The wiring within an arcade cabinet connects the PCB to the CRT monitor, switching power supply, and controls. The size and pin-out connections for this wiring was standardized around 1986-1987 with the introduction of the JAMMA (Japanese Amusement Machinery Manufacturers Association) standard.
If the game was made before this time (non-JAMMA), the connector on the PCB will be about 4 inches long and the pinouts will be unique to the game/manufacturer.
If the game was made after this time, it will likely use a JAMMA connector that is about 5 inches long and standard JAMMA pin-outs as shown to the right. The benefit of buying a JAMMA game is that you can easily buy another JAMMA arcade PCB from eBay, put it in your cabinet and play it (“plug-and-play”). Most arcades up until the early 2000s are JAMMA and typically the ones you are likely going to buy used today.
Now, on to the last golden rule:
Rule #5 - Take a cart and someone else when you pick it up.
Arcade games are far heavier and awkward to move than they look. A full-sized arcade cabinet is about 6 feet tall and weights upwards of 500 pounds (depending on the size of the CRT monitor). Also remember that there is a lot of wood in a typical arcade cabinet!

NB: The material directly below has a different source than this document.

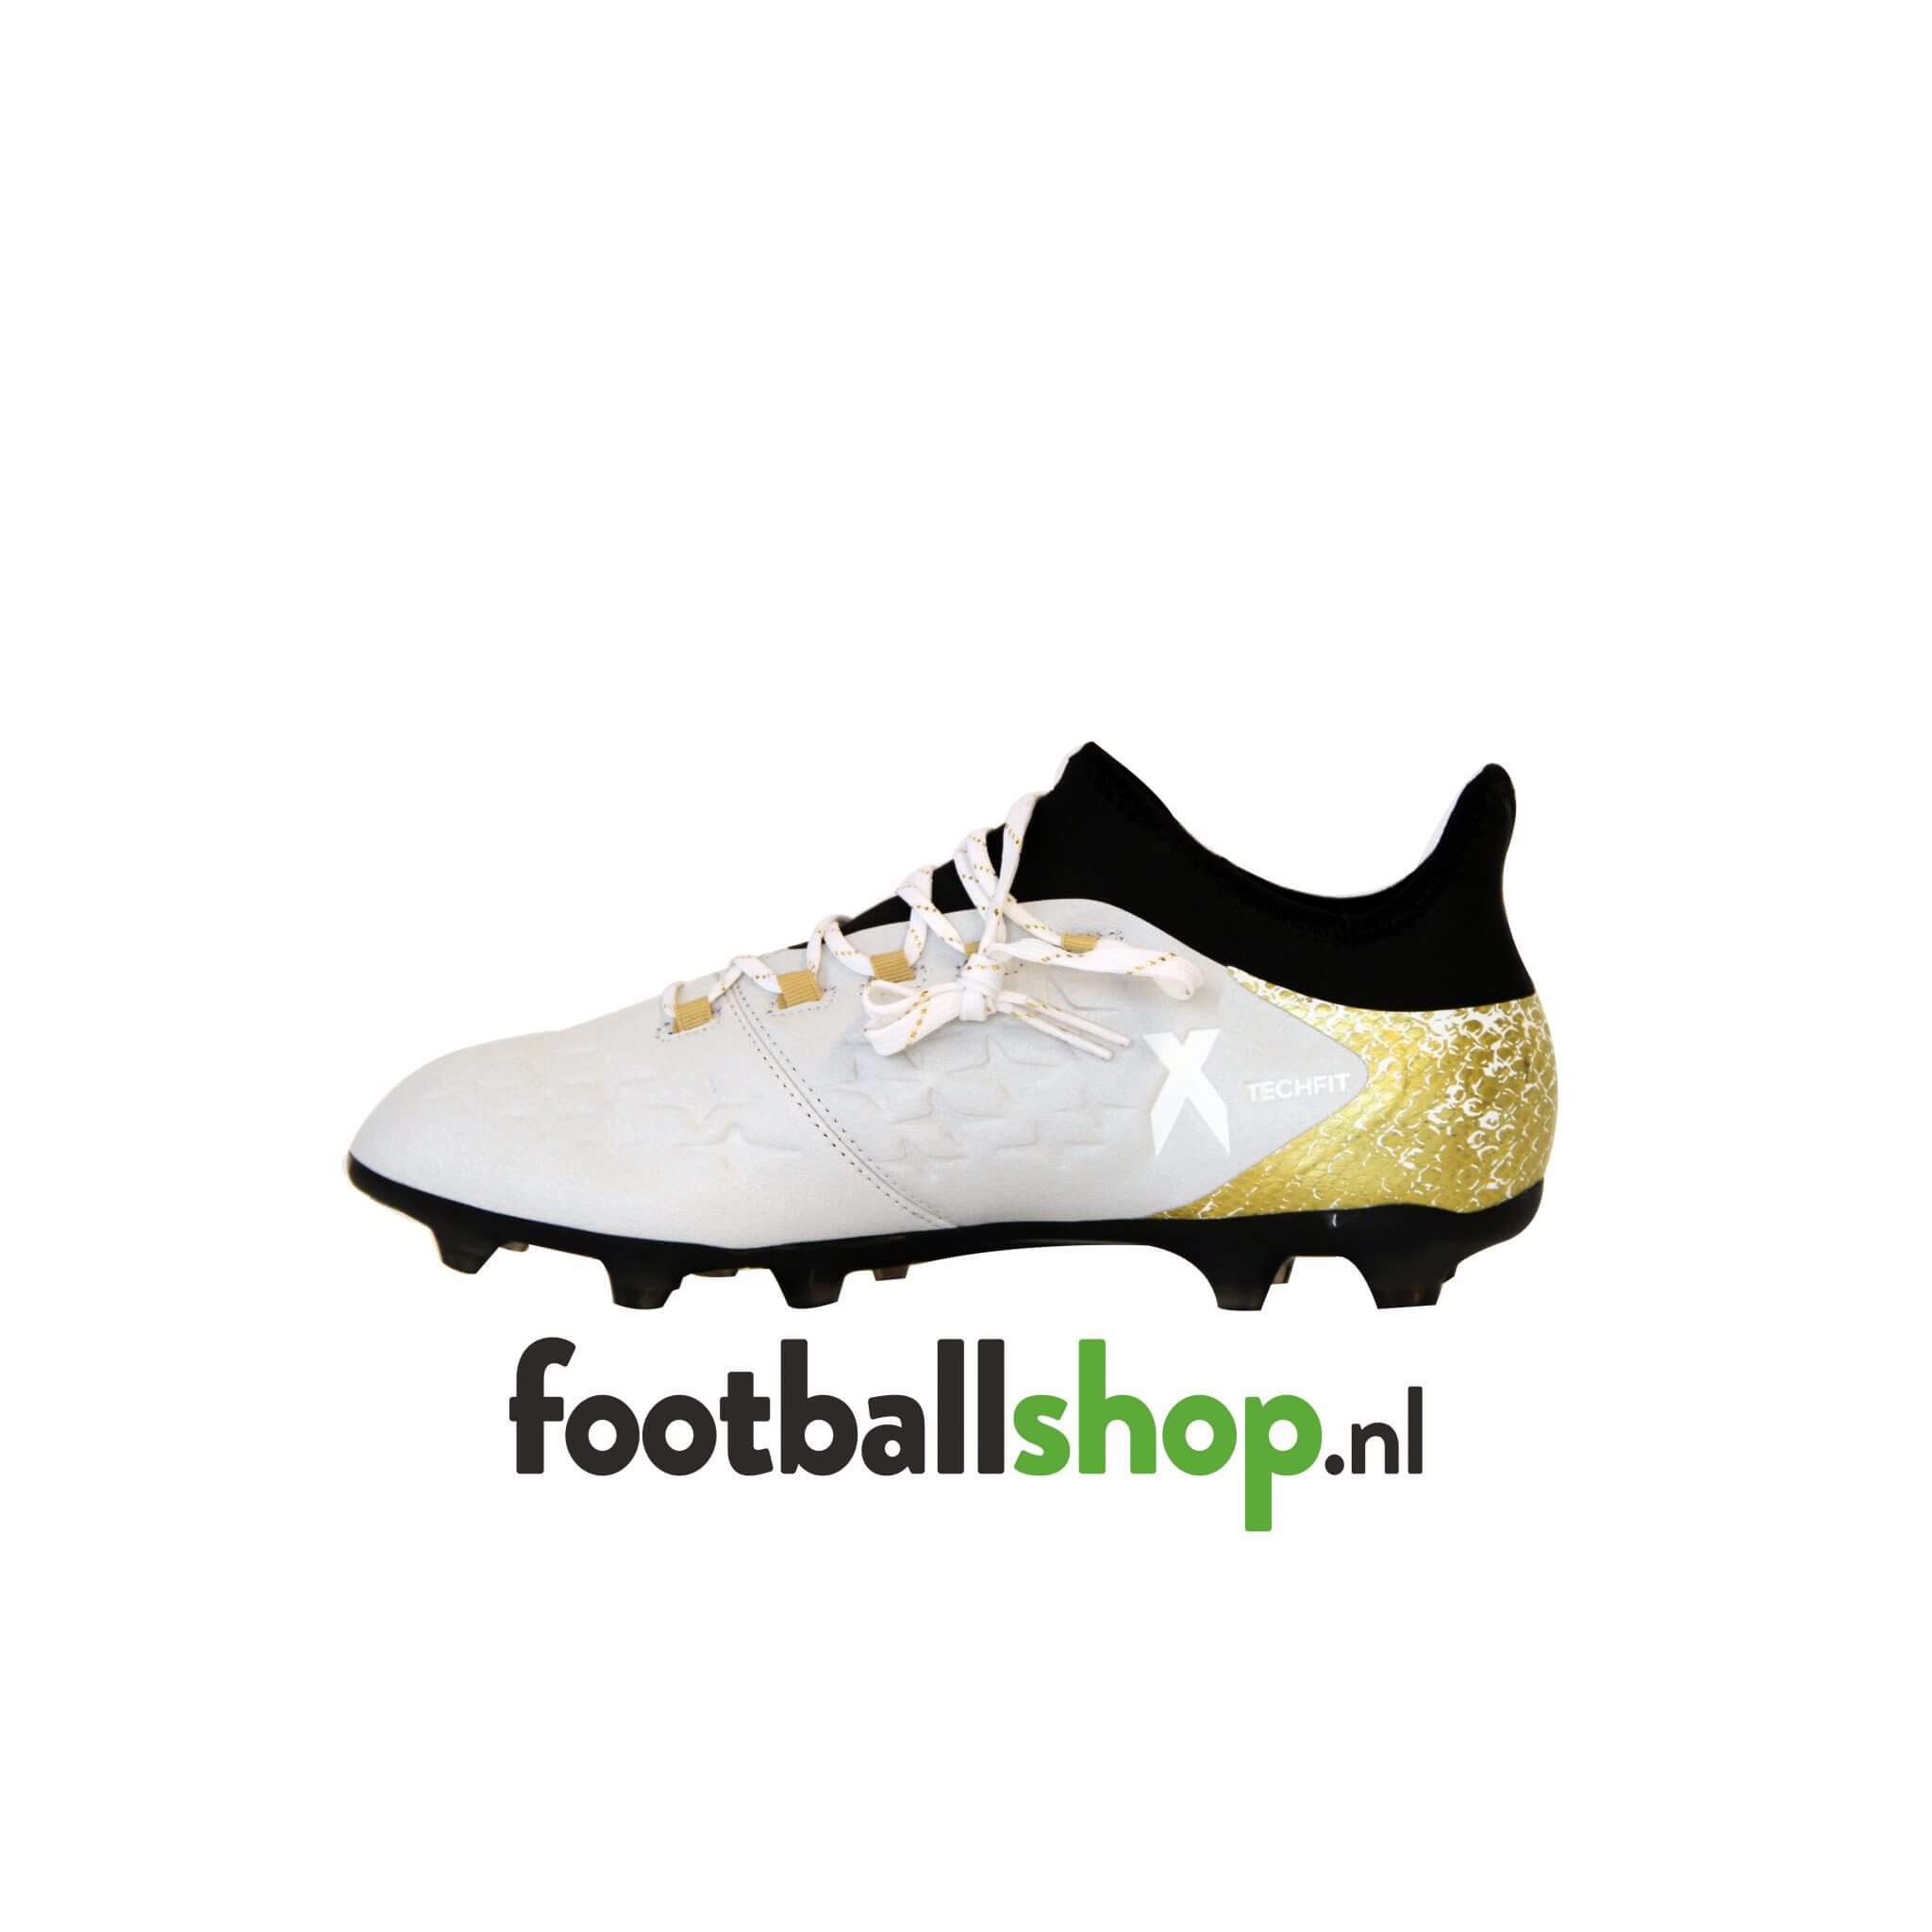 aankomst beginsel Sluiting adidas X 16.2 FG Future White Core Black AQ4308 kopen - Footballshop.nl -  Footballshop.nl

A Dodge Caravan (with the seats removed) is usually big enough to transport an arcade game. Also make sure that the cart you use has a 1000 pound capacity and large air-filled rubber wheels to get over steps properly with a big arcade cabinet on it.
If you are worried about this because you don’t have a large vehicle or adequate space in your home, then you may want to search for an arcade game with a cocktail-style cabinet or a cabaret-style cabinet (shown below). These are much harder to find, as fewer were produced, and they are in higher demand by home collectors (for obvious reasons).